> _Materials provided_:
· · ·
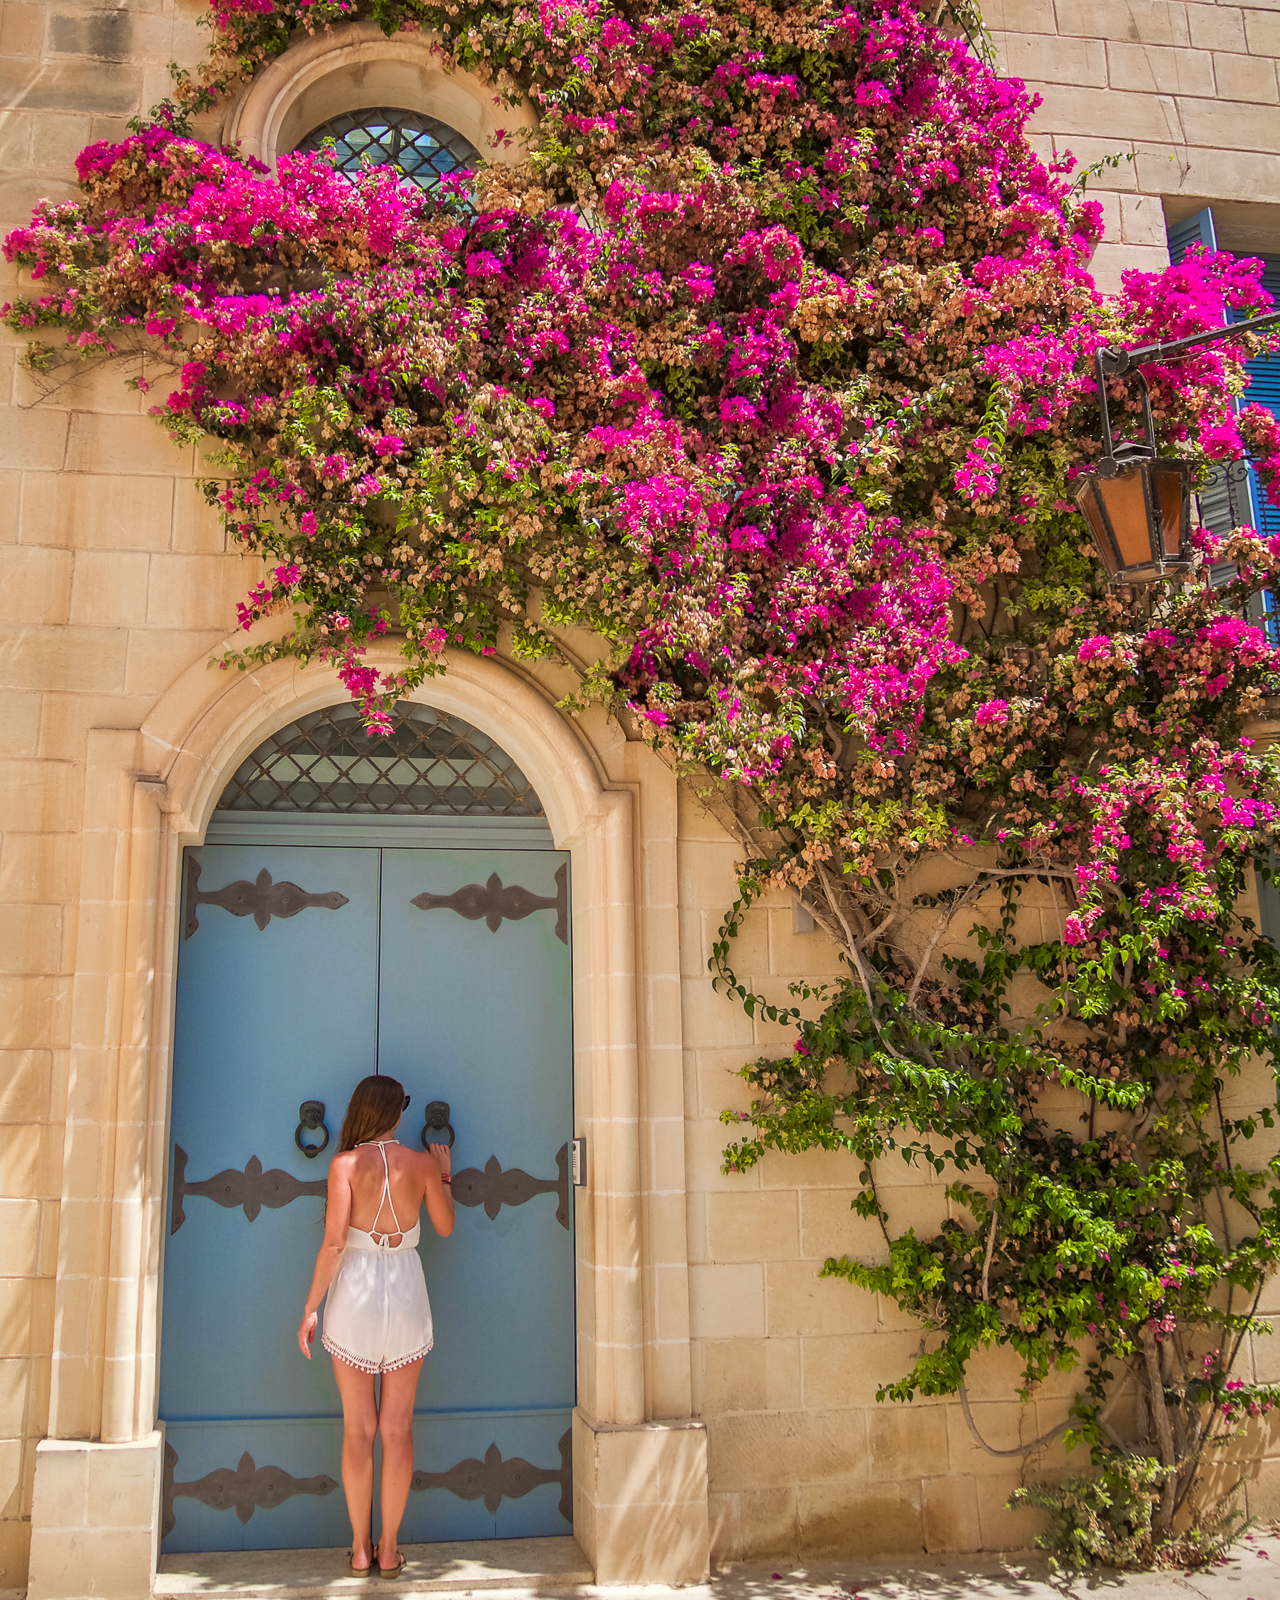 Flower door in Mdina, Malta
· · ·
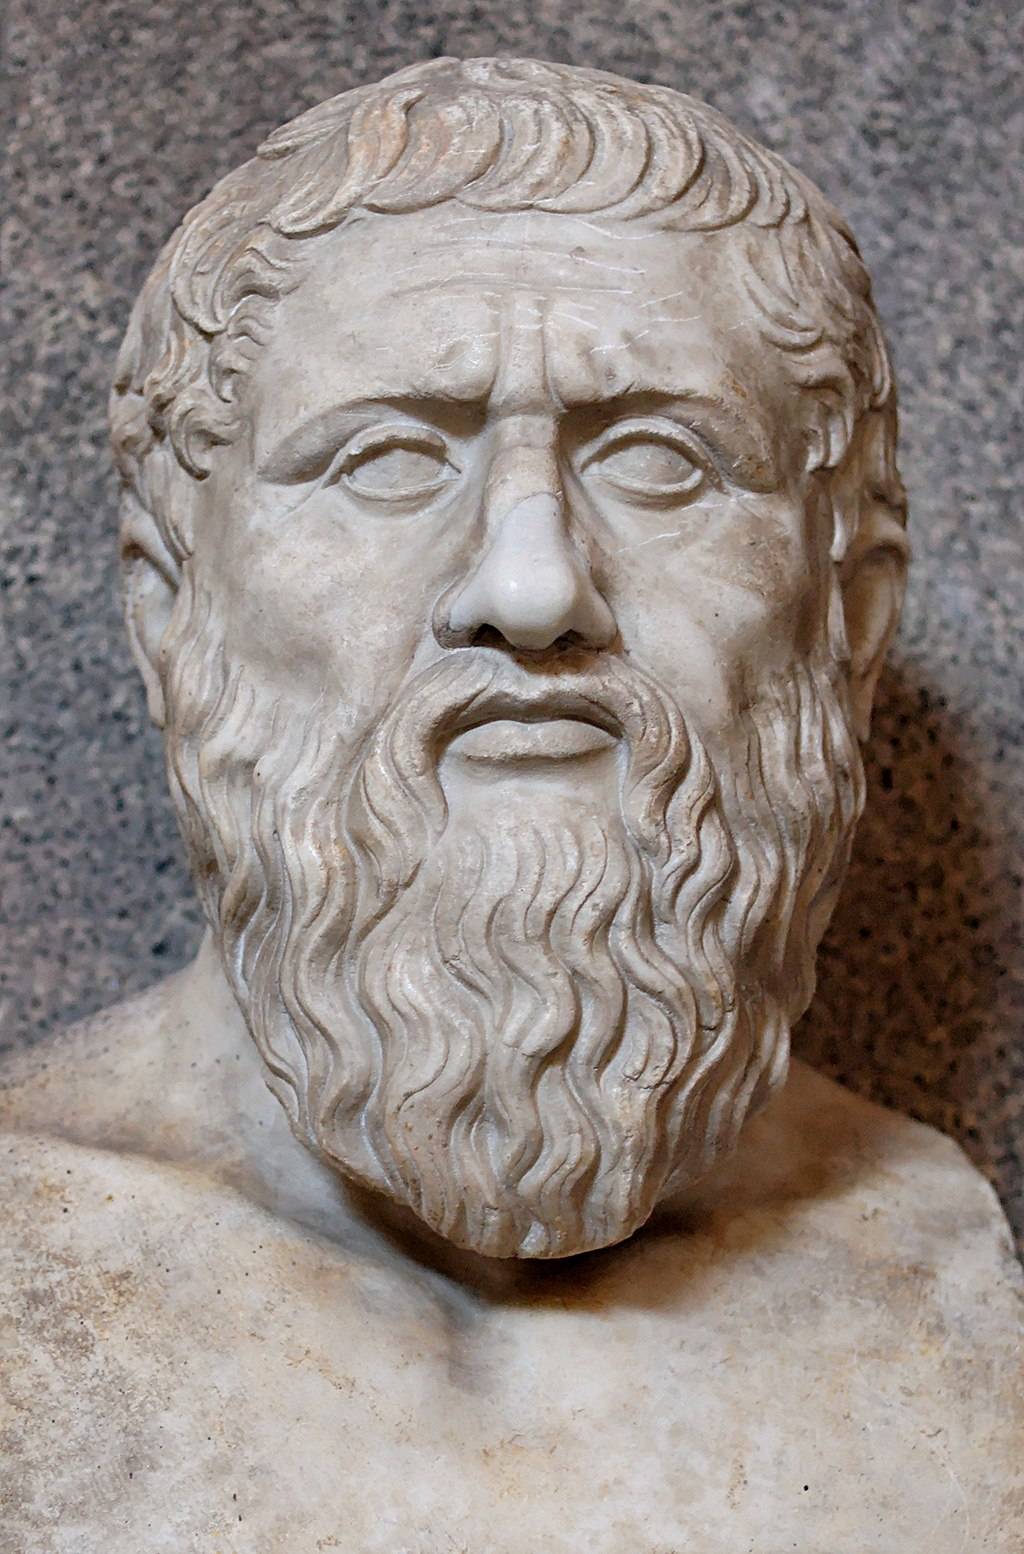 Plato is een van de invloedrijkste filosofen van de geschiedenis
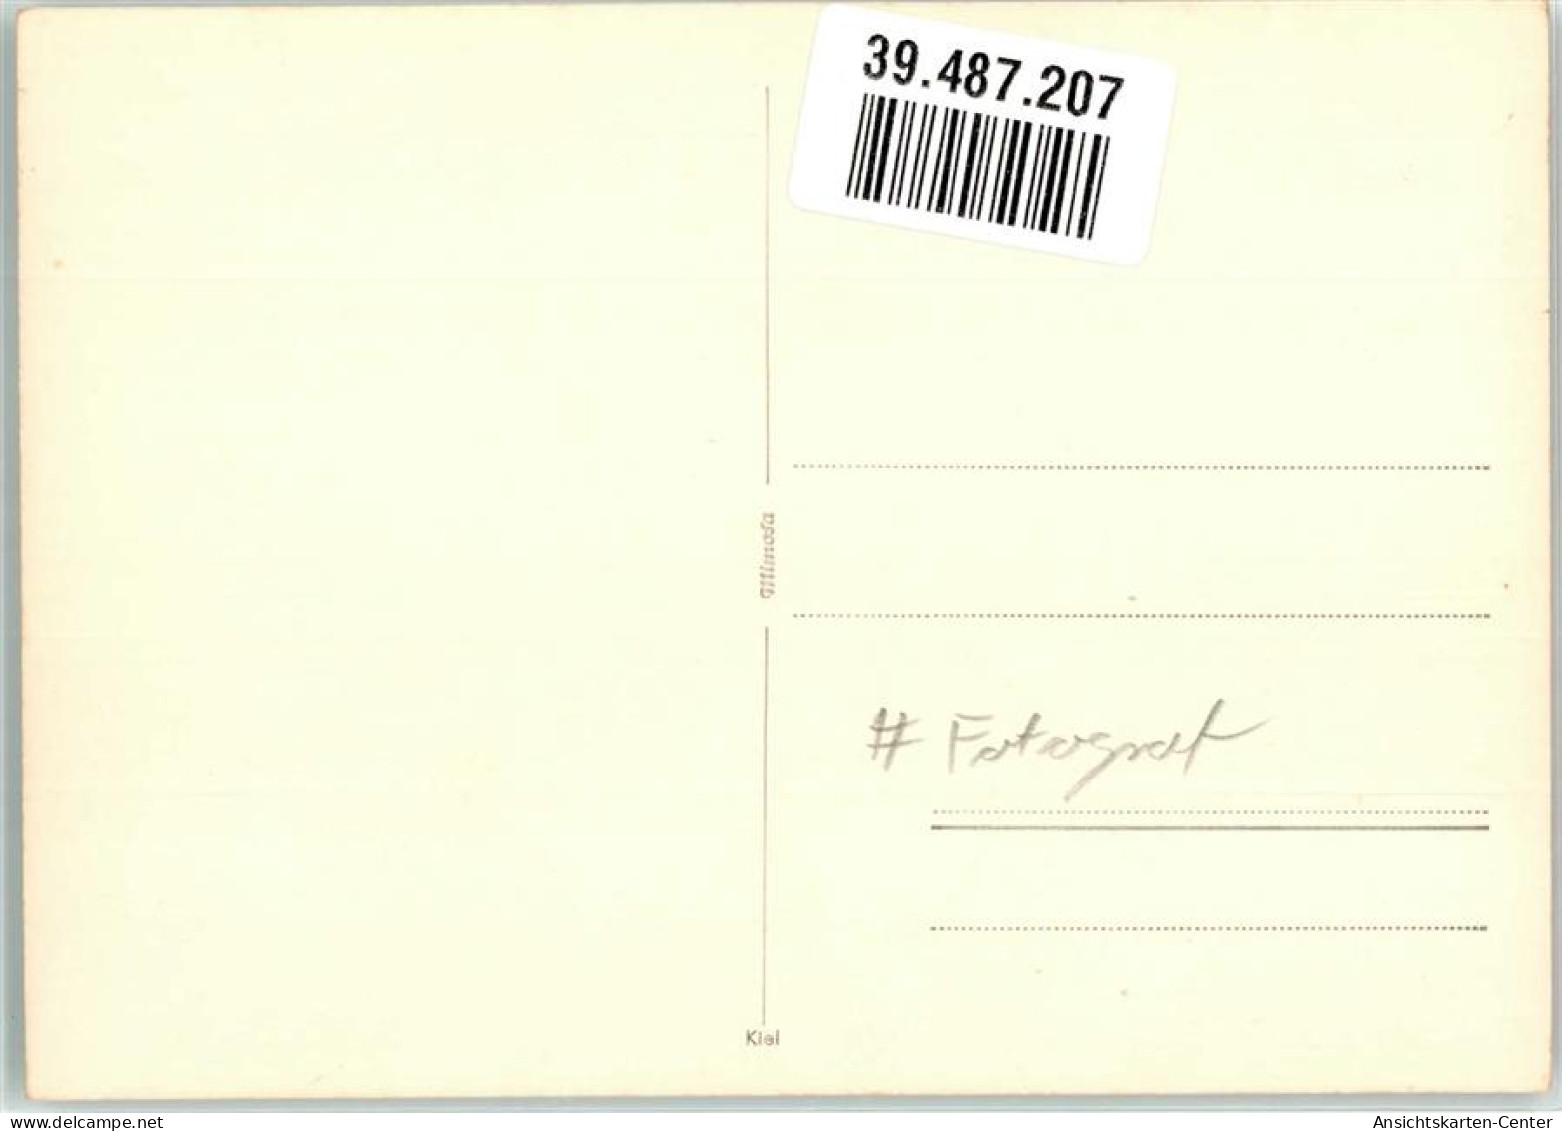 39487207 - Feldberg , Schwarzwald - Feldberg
· · ·
> _What the task requires_: Return the lines above from the one with "Plato is een" through the one with "39487207 - Feldberg , Schwarzwald - Feldberg", verbatim and nothing else. Omit every picture.

> _Solution to the problem_:
 Plato is een van de invloedrijkste filosofen van de geschiedenis
 39487207 - Feldberg , Schwarzwald - Feldberg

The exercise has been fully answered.